Como si lo estuviera viendo: con su tono
característico de gravedad y el ceño fruncido, habla como si sus palabras
tuvieran siempre un significado trascendental. Lo escucho por simple y pura
curiosidad, solo para después utilizarlo como tema a la hora de hablar
pendejadas con los amigos. Pero se me revuelve el hígado por el desparpajo, al
punto de que estuvo a un tris de amargarme los vermicelli. Porque denuncia el
desastre, despotrica contra el gobierno, y no siente que lo salpica ni una
gotita del caos en el que nos hundimos todos. Como si los aprietos hubieran
empezado nada más que ayer, y no hace quince años, cuando comenzaron a
someternos al experimento de su autoría, según él mismo reconoce, empoderado
por la voluntad del líder supremo.
Quisieron imponernos un modelo de vida en buena
medida concebido por él, cual ratoncitos de Pavlov dentro de una caja de
zapatos, como si su criterio ético e intelectual fuera superior al nuestro.

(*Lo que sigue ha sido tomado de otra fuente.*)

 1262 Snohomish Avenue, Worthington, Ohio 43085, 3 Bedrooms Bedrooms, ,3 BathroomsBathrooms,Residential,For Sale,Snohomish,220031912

Intentaron decirnos qué comer, cómo vestirnos, y hasta cómo educar a nuestros
hijos. Como si no estuviéramos suficientemente dotados para decidir por
nosotros mismos. Desde su alta investidura nos llamó escoria a la mitad del
país, tan solo por no estar de acuerdo con su pensamiento.
Se dice que es honesto, que vive como un monje. Si
robó o no robó, no me consta ni a favor ni en contra. No soy quién para
acusarlo ni para defenderlo. Aunque dice la sabiduría popular que en casa de
putas no hay señoritas. Pero al menos, es justo reconocer que cuidó las
apariencias, a diferencia de la gran mayoría de los que lo acompañaban. Lo
cual, a decir verdad, hoy por hoy en este país no es cualquier cosa. Si lo
alentaba o no la buena voluntad, a mí me tiene sin cuidado. Como dicen, de
buenas voluntades está empedrado el camino al infierno.

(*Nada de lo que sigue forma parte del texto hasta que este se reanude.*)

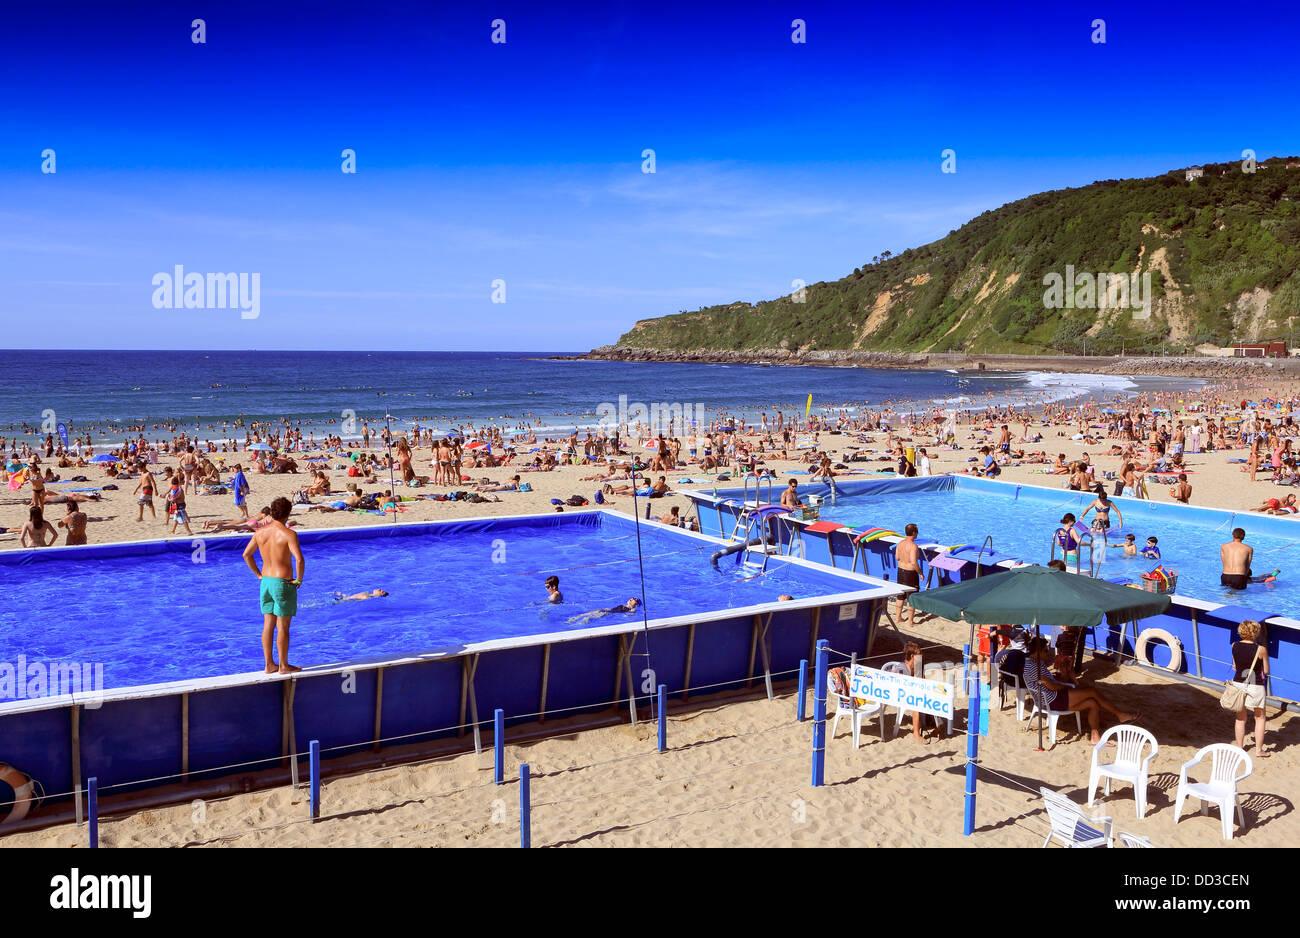 Swimming Pool Uses : Swim swimming hot heat friends stock photos

Lo que sí es relevante, para todos los que
habitamos en esta tierra, y es bueno recordárselo después de la olímpica lavada
de manos con que vuelve a asombrarnos, es que este desastre es el resultado de
sus ideas. Si quiere verlo, y no cree en los números que publica el gobierno,
como no creemos nosotros desde hace quince años, deje el réquiem y salga a la
calle para que palpe al país real en que se tradujeron sus sueños. Seguramente,
producto de ese sueño seamos, como él dice, el “hazmerreír” de América Latina,
cuando aquí a todos desde hace mucho se nos borró la sonrisa.